Abstract

The LHCb experiment at the LHC accelerator at CERN collects collisions of particle bunches at 40 MHz. After a first level of hardware trigger with an output rate of 1 MHz, the physically interesting collisions are selected by running dedicated trigger algorithms in the High Level Trigger (HLT) computing farm. This farm consists of up to roughly 25000 CPU cores in roughly 1750 physical nodes each equipped with up to 4 TB local storage space. This work describes the LHCb online system with an emphasis on the developments implemented during the current long shutdown (LS1).
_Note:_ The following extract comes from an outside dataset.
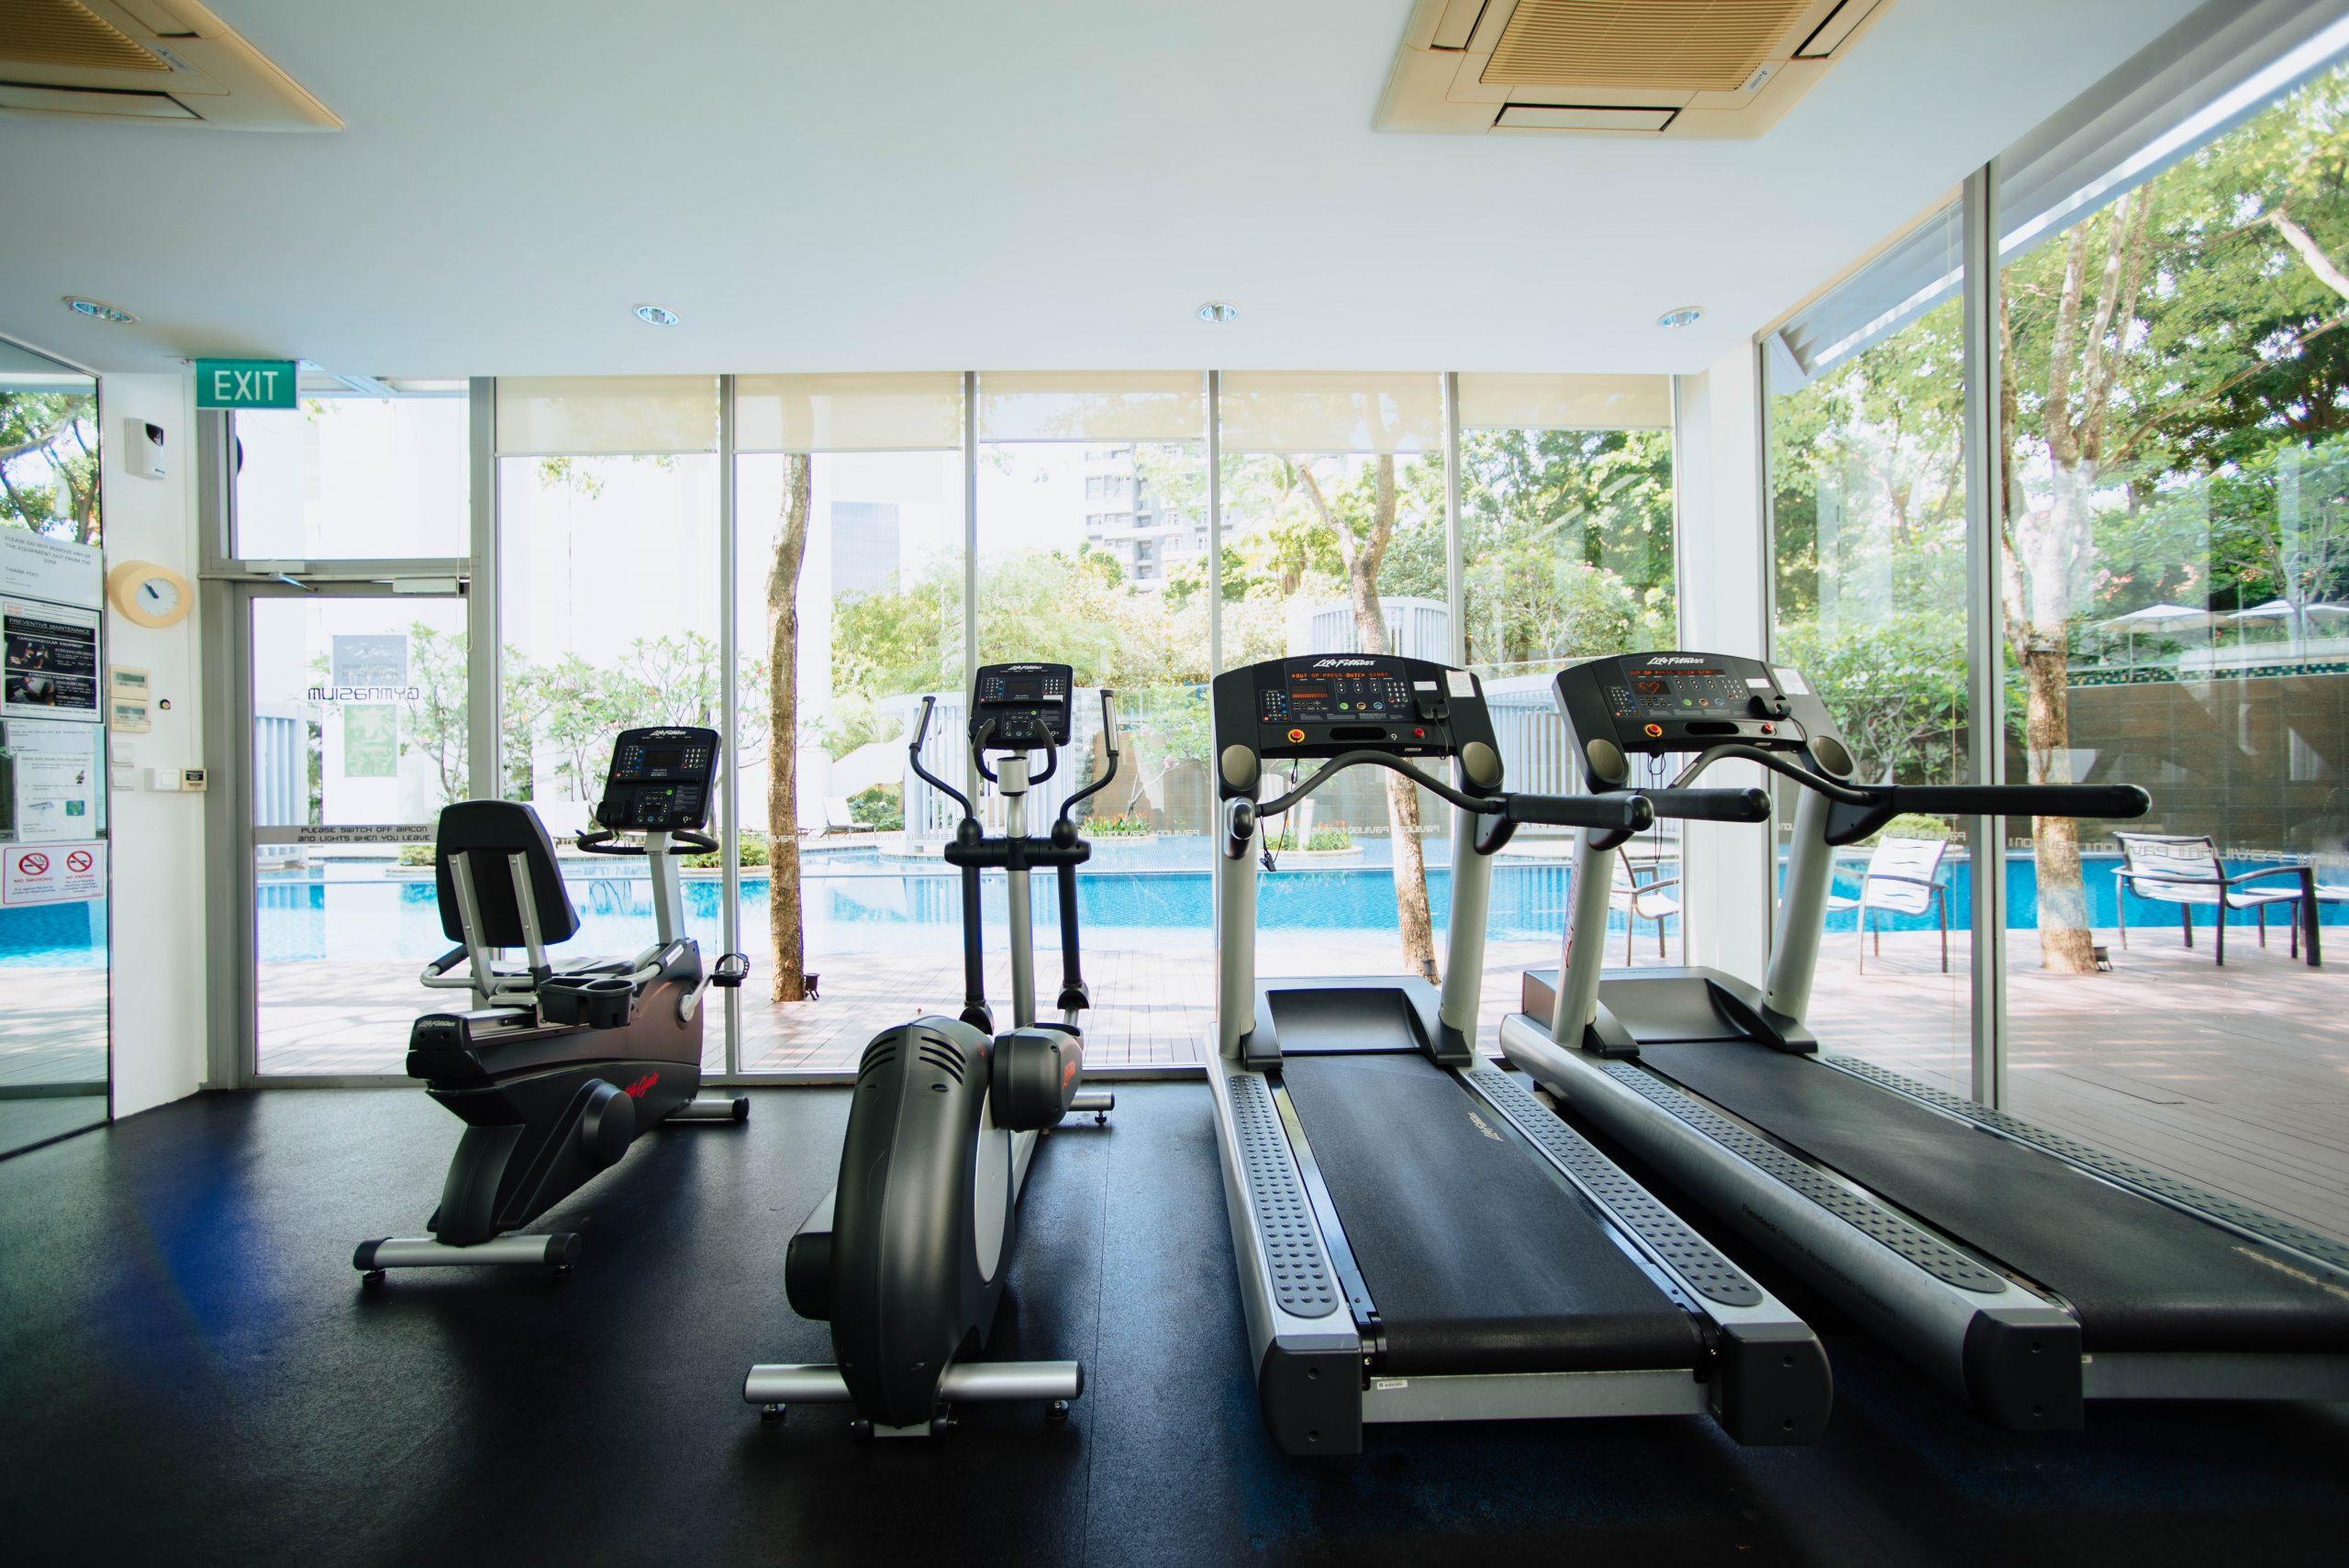 Treadmill or Elliptical Machine

We will elaborate the architecture to treble the available CPU power of the HLT farm and the technicalities to determine and verify precise calibration and alignment constants which are fed to the HLT event selection procedure. We will describe how the constants are fed into a two stage HLT event selection facility using extensively the local disk buffering capabilities on the worker nodes. With the installed disk buffers, the CPU resources can be used during periods of up to ten days without beams. These periods in the past accounted to more than 70% of the total time.

Highlights

  • LHCb is a dedicated B-physics experiment at the LHC collider at CERN [1]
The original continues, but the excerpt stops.